▶ [Exercise directions]: What I need is an exact repeat of the lines from the one with "Home Hardware - PRO - Page 7" through the end of the listing below. Leave out every picture.

▶ [Recorded information]:
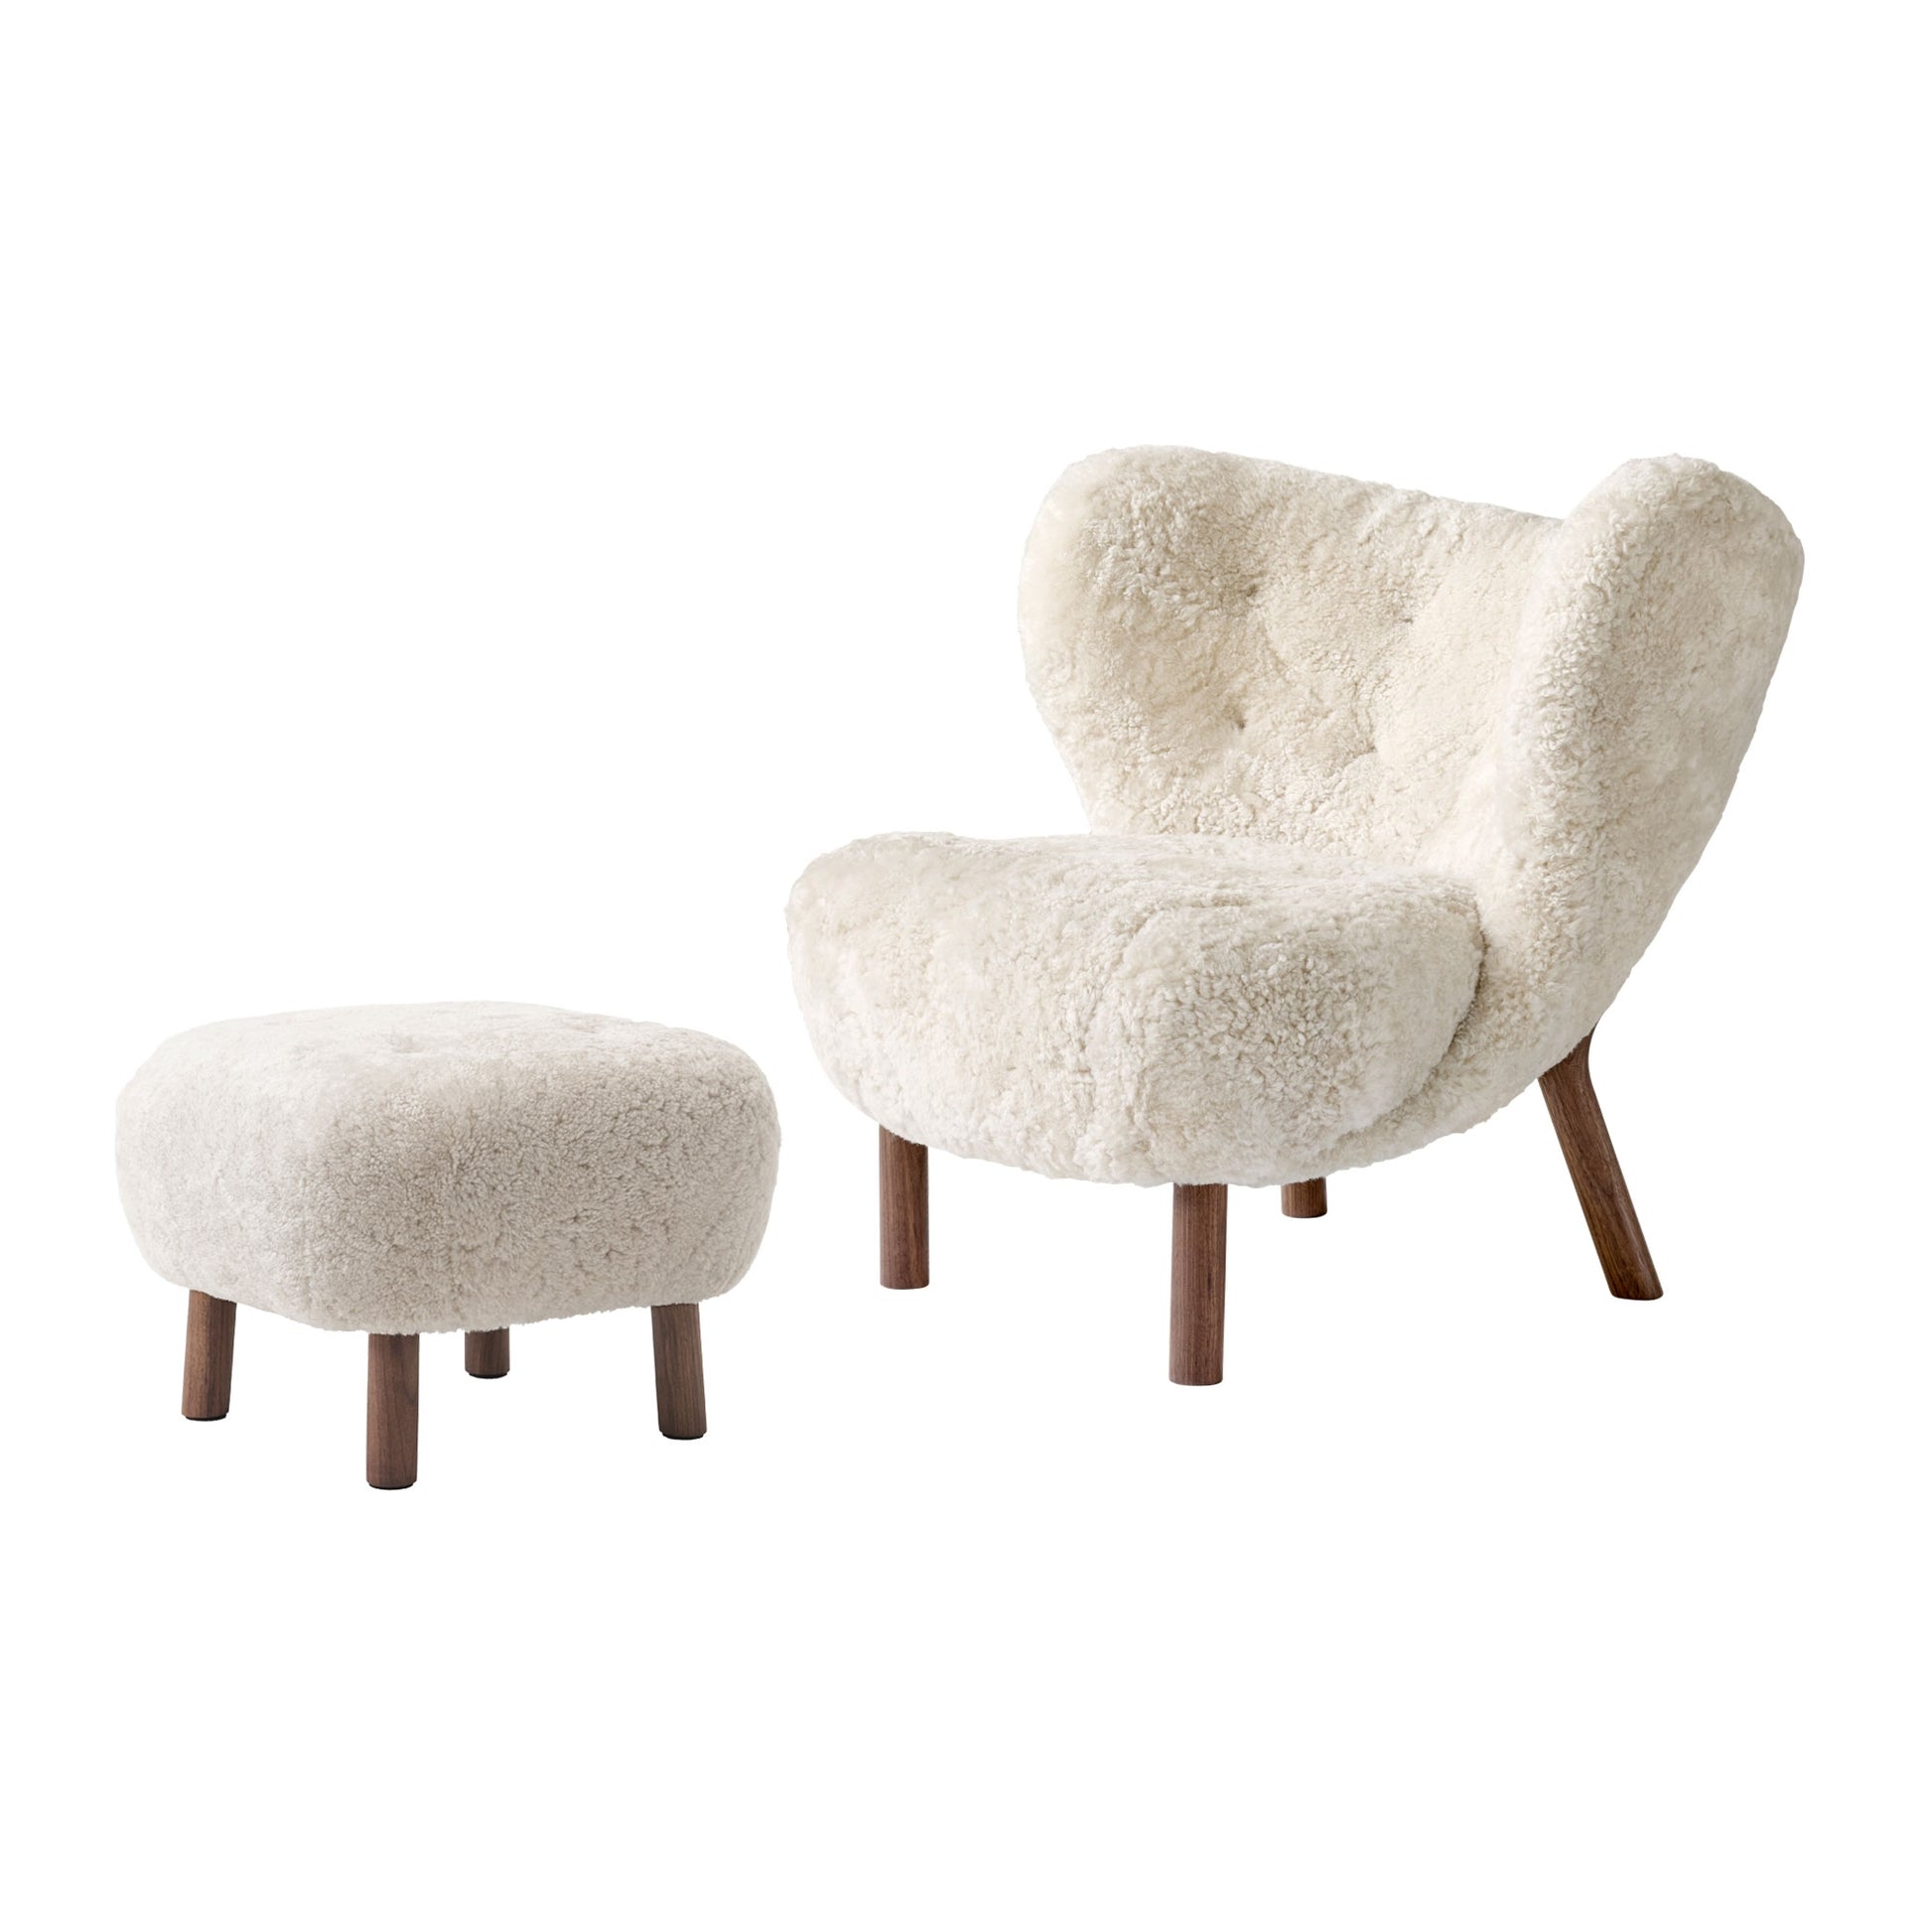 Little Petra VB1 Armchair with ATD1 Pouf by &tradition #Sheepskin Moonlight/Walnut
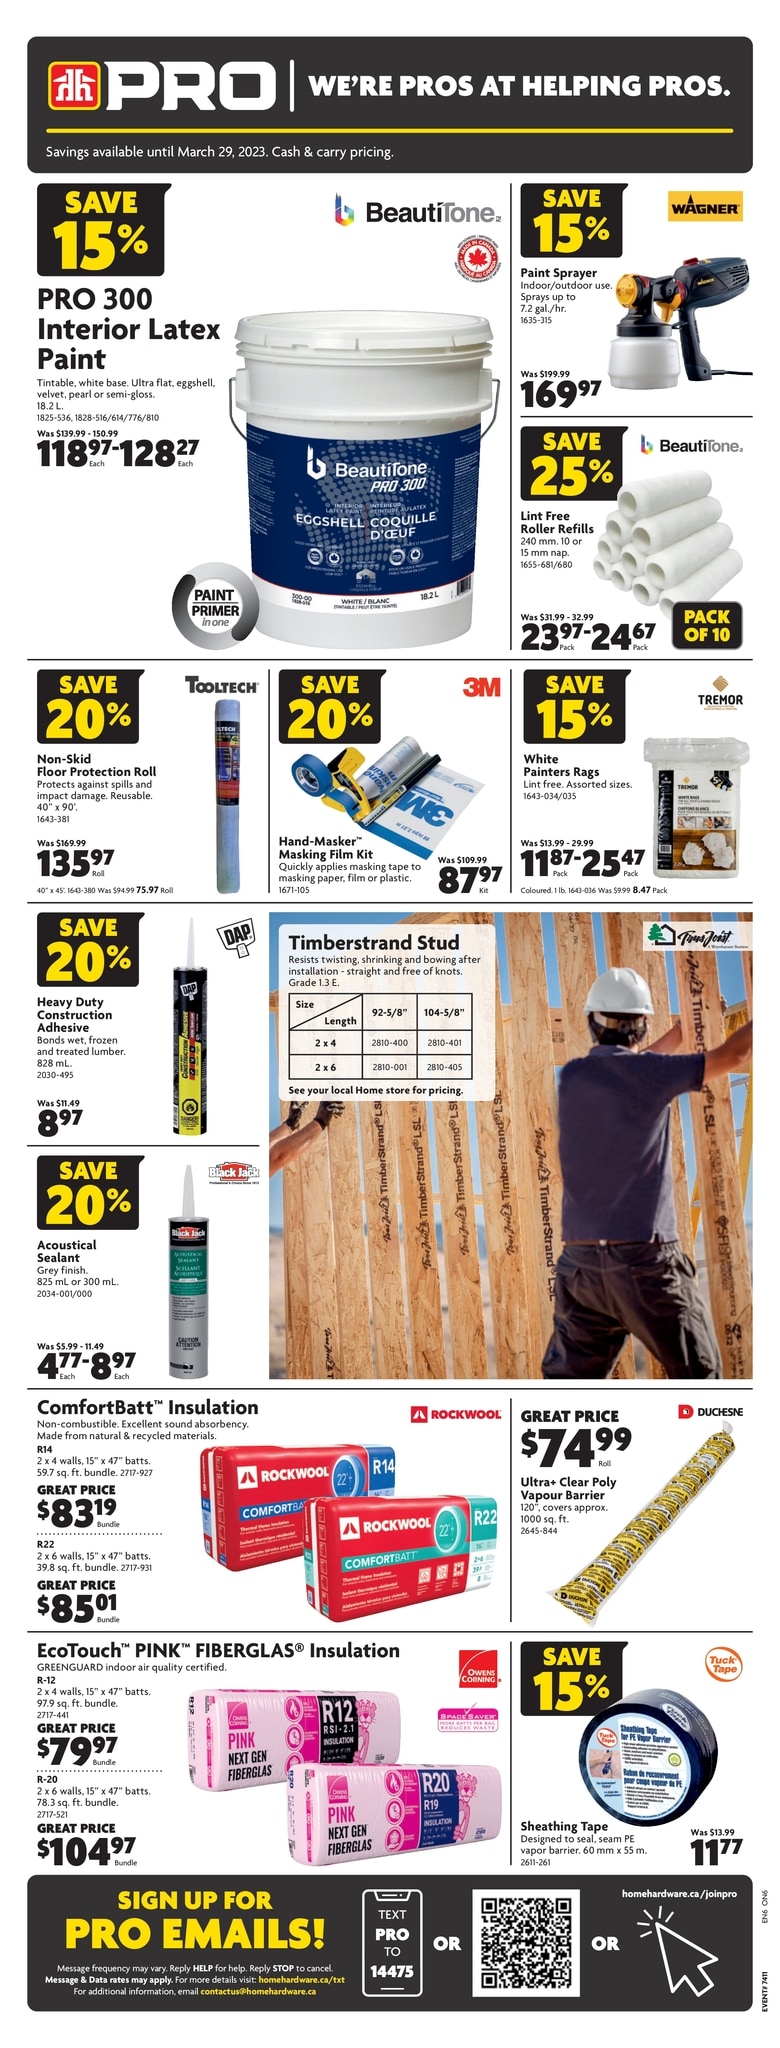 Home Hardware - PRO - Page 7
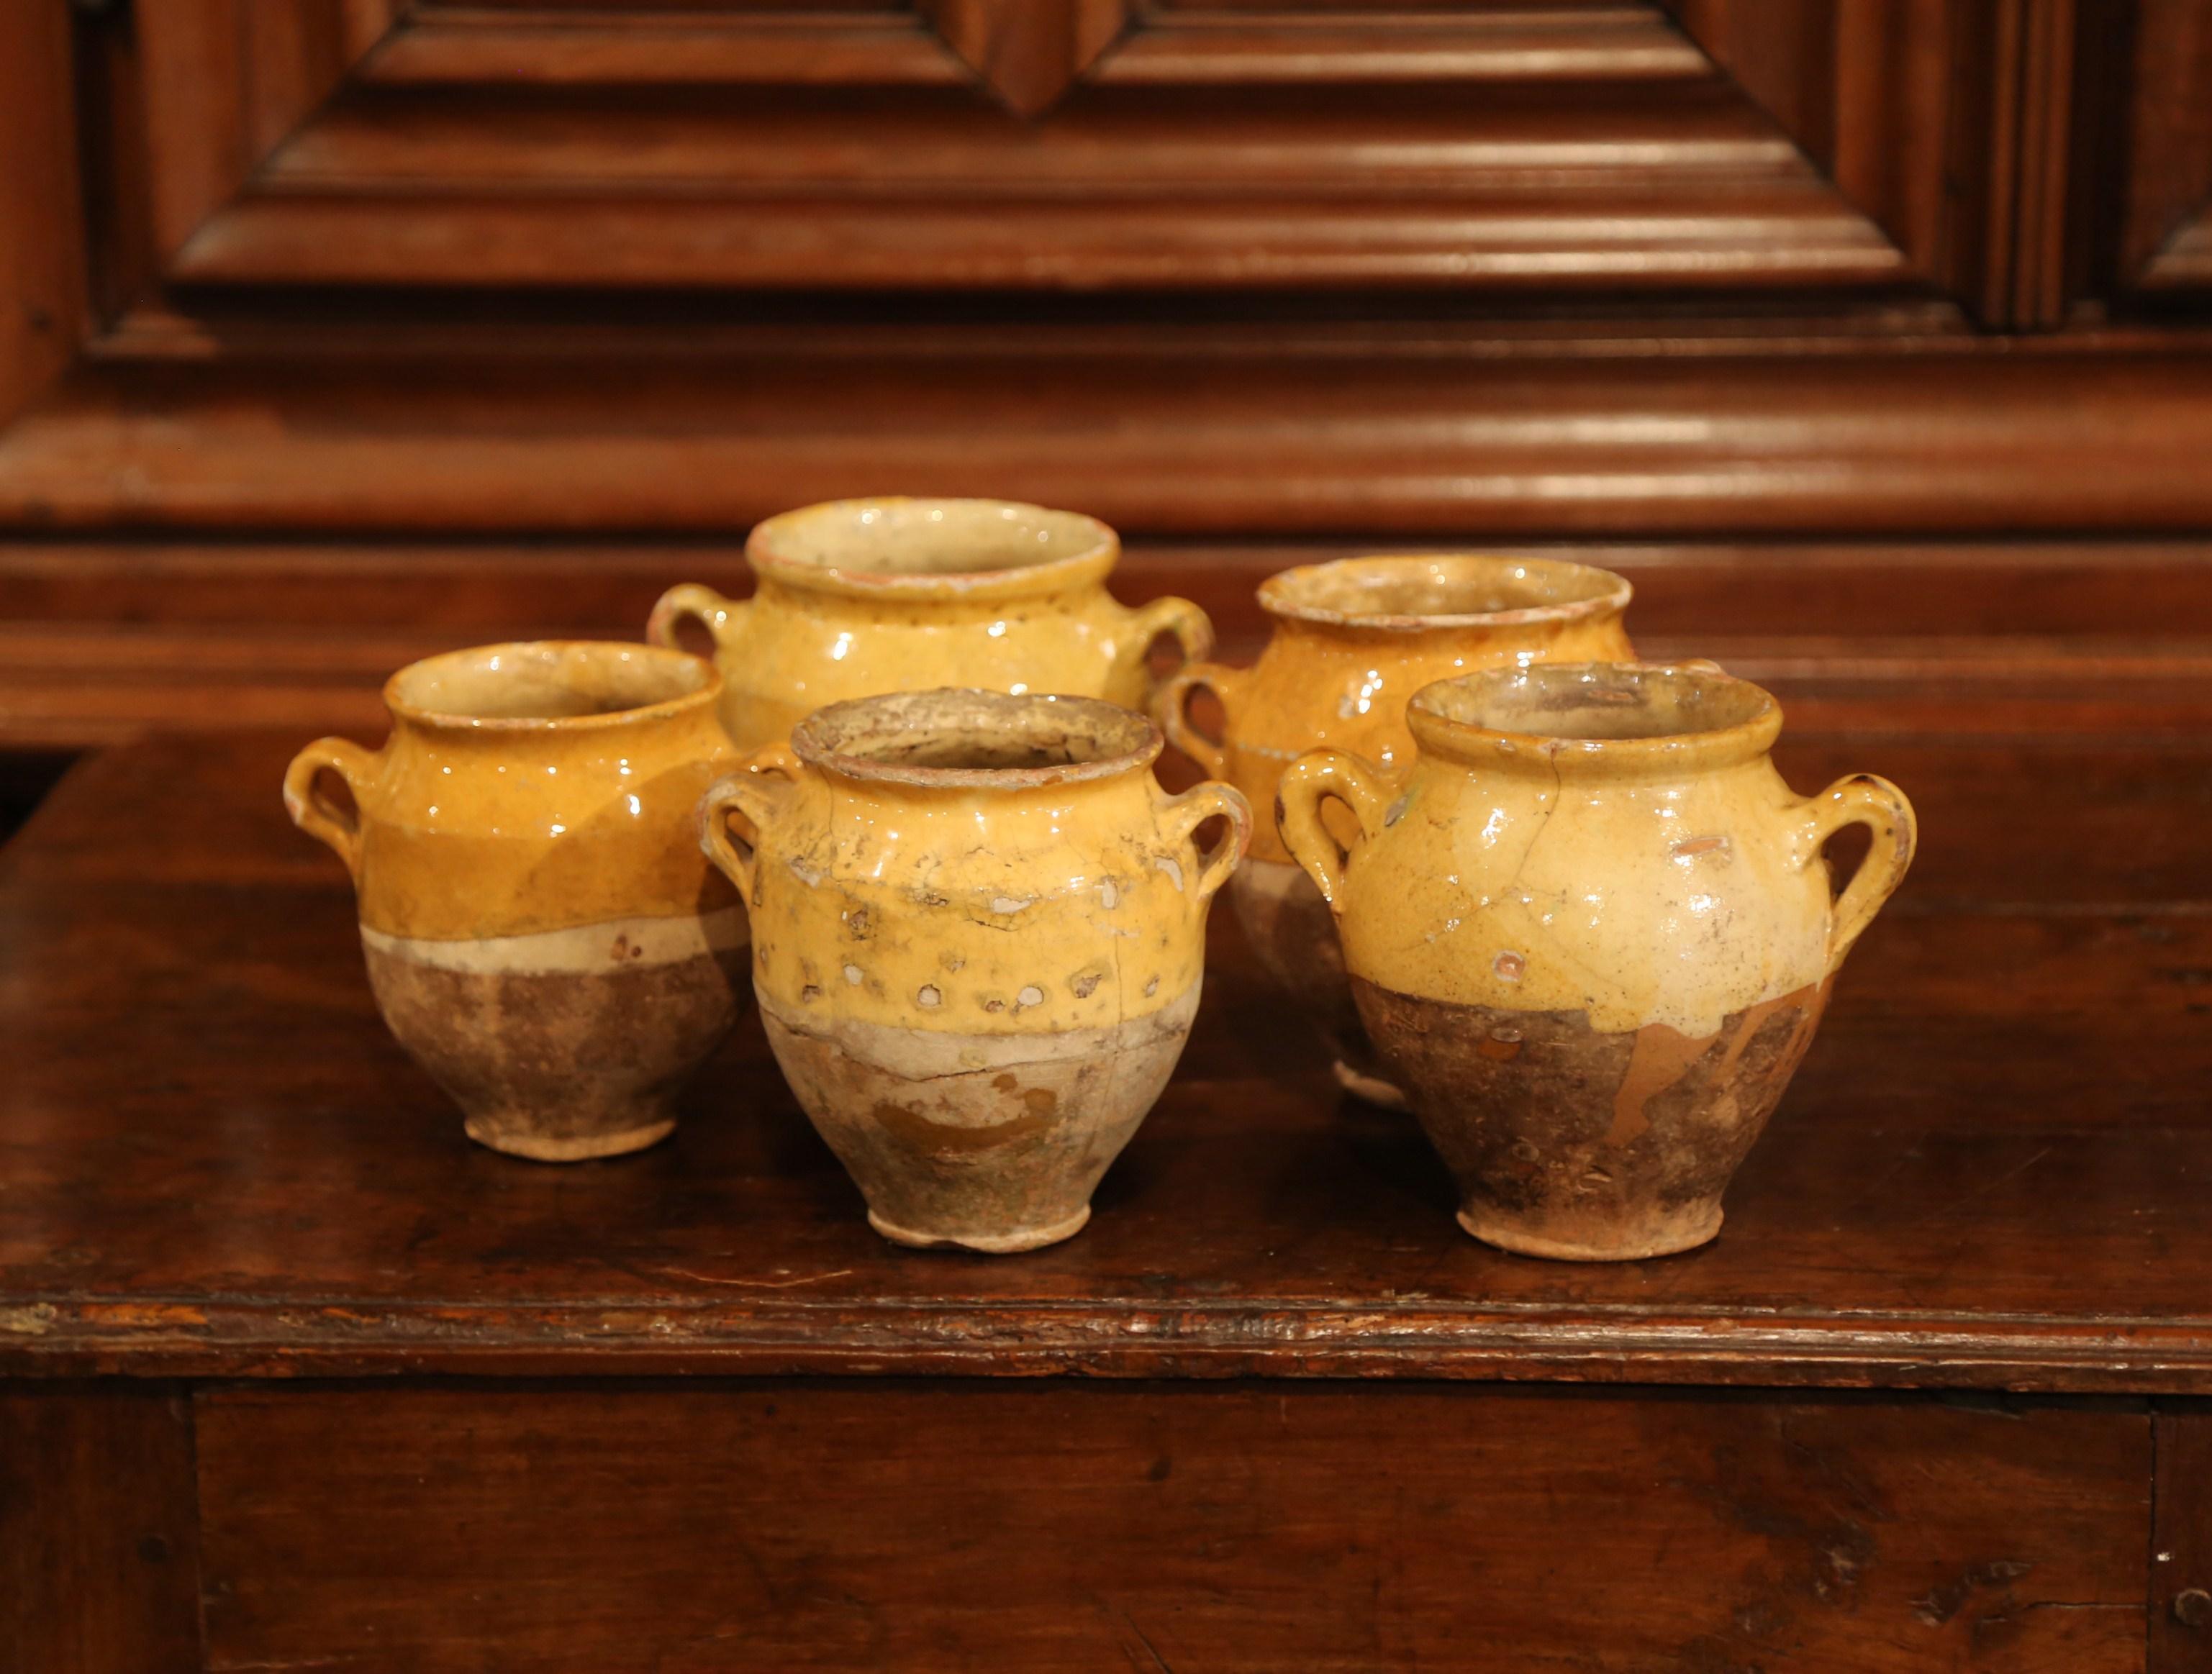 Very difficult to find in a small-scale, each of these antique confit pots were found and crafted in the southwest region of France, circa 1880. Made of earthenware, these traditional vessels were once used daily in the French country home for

▶ [Your solution]:
 Home Hardware - PRO - Page 7
 Very difficult to find in a small-scale, each of these antique confit pots were found and crafted in the southwest region of France, circa 1880. Made of earthenware, these traditional vessels were once used daily in the French country home for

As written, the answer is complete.